2020 was a year of tumultuous change, forcing Nashville and the rest of the country to reckon with economic and health disparities exposed by the COVID-19 pandemic; the realities of systemic-racial inequality; and ongoing questions of what it means to participate in American democracy. A Time to Heal, the 14th documentary in NPT’s award-winning Next Door Neighbors series, explores each of these areas through the lens of Nashville’s immigrant and refugee communities. WPLN’s Nina Cardona narrates the documentary.
A Time to Heal premieres Thursday, May 27, at 8 p.m. and will be available for online viewing at video.wnpt.org/show/next-door-neighbors. Additional airtimes on NPT are Sunday, May 30, at 6:30 p.m.; Wednesday, June 2, at 12 a.m.; and Monday, June 21, at 12:30 a.m. A Time to Heal will air on NPT2 Monday, May 31, at 8 a.m. and Tuesday, June 1, at 1 p.m.
As shutdowns and other realities of the COVID-19 pandemic began to affect society, it quickly became clear that some communities and segments of the population were being hit harder than others. “We conducted extensive research conversations and showed up at critical events because we knew it would be important to document the historic events of 2020,” said Shawn Anfinson, A Time to Heal’s producer. “At every juncture we found individuals from the immigrant community who were eager to give voice to their personal experiences.”

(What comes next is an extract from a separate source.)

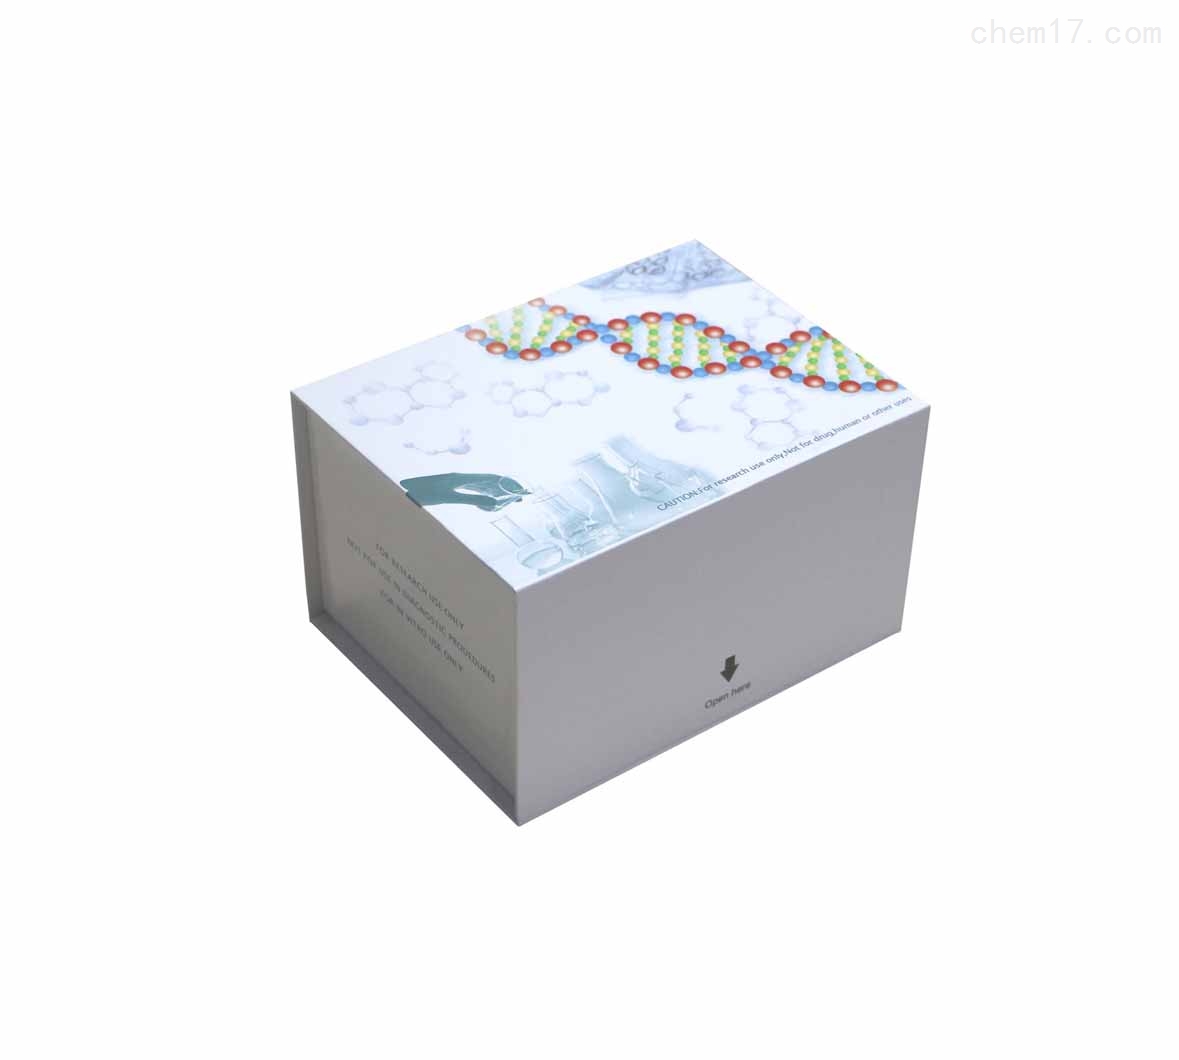 催乳素(PRL)ELISA试剂盒买家推荐

A Time to Heal outlines factors contributing to the pandemic’s disproportionate effect on immigrant and refugee communities. “First of all, they are essential workers that work in construction, food plants or warehouses where they cannot work remotely. They have to report to work,” Muna Muday, then-CDC foundation associate at the Metro Nashville Public Health Department, says in the documentary.
“And secondly, they live in crowded apartments. So intergenerational households, which makes it very difficult for isolation and quarantine,” Muday continues. “There’s issues of language barriers. There’s issues of access to health care. So all of these things have been a predominant factor in terms of why these populations are very vulnerable with this virus.”
But the pandemic was only one of the issues faced by communities over the past year. A Time to Heal also considers calls for social justice through people like Rwandan refugee Claude Gatabuke, co-founder of Nashville’s Black Lives Matter chapter; as well as Metro Council Member At-Large Zulfat Suara, the first Muslim woman to hold elected office in Tennessee.
“We cannot deal with the issue if we do not acknowledge there’s an issue,” Suara says in A Time to Heal. “And there is an issue here, there’s an issue of inequity – even in the way we protest, even in the way we respond to protests, even in the things that we protest about, even in our feeling that it’s our right to protest.”
The final section of A Time to Heal deals with election participation, running for office and serving one’s community. Naturalized citizens make up 10 percent of the U.S. electorate, according to the Pew Research Center. That’s more than 23 million voters – a number that has nearly doubled since 2000 – and as A Time to Heal shows, those voters are interested in exercising their electoral power.
Daniella Peterson, a newly minted U.S. citizen and a volunteer with the Tennessee Immigrant & Refugee Rights Coalition, also known as TIRRC, in Chattanooga, sums it up this way in the documentary: “I want to be part of my community and I want to be part of the change that we do…. I want to see a city that can prosper for everyone, that everyone has a voice and is heard. So we have to make sure to have officials that can, are able and want to hear us.”
NPT’s Next Door Neighbors: A Time to Heal is made possible by the generous support of the Nissan Foundation.
NPT’s Next Door Neighbors series looks at Nashville’s status as a destination city for refugees and immigrants and explores the rich diversity of people now calling Nashville home. Through documentaries, extensive outreach and continued relationships with Nashville’s immigrant and refugee communities, the Next Door Neighbors project aims to increase understanding of unfamiliar cultures, highlight the experiences and successes of Nashville’s immigrants, and mediate a community-wide conversation about who we are as Nashvillians.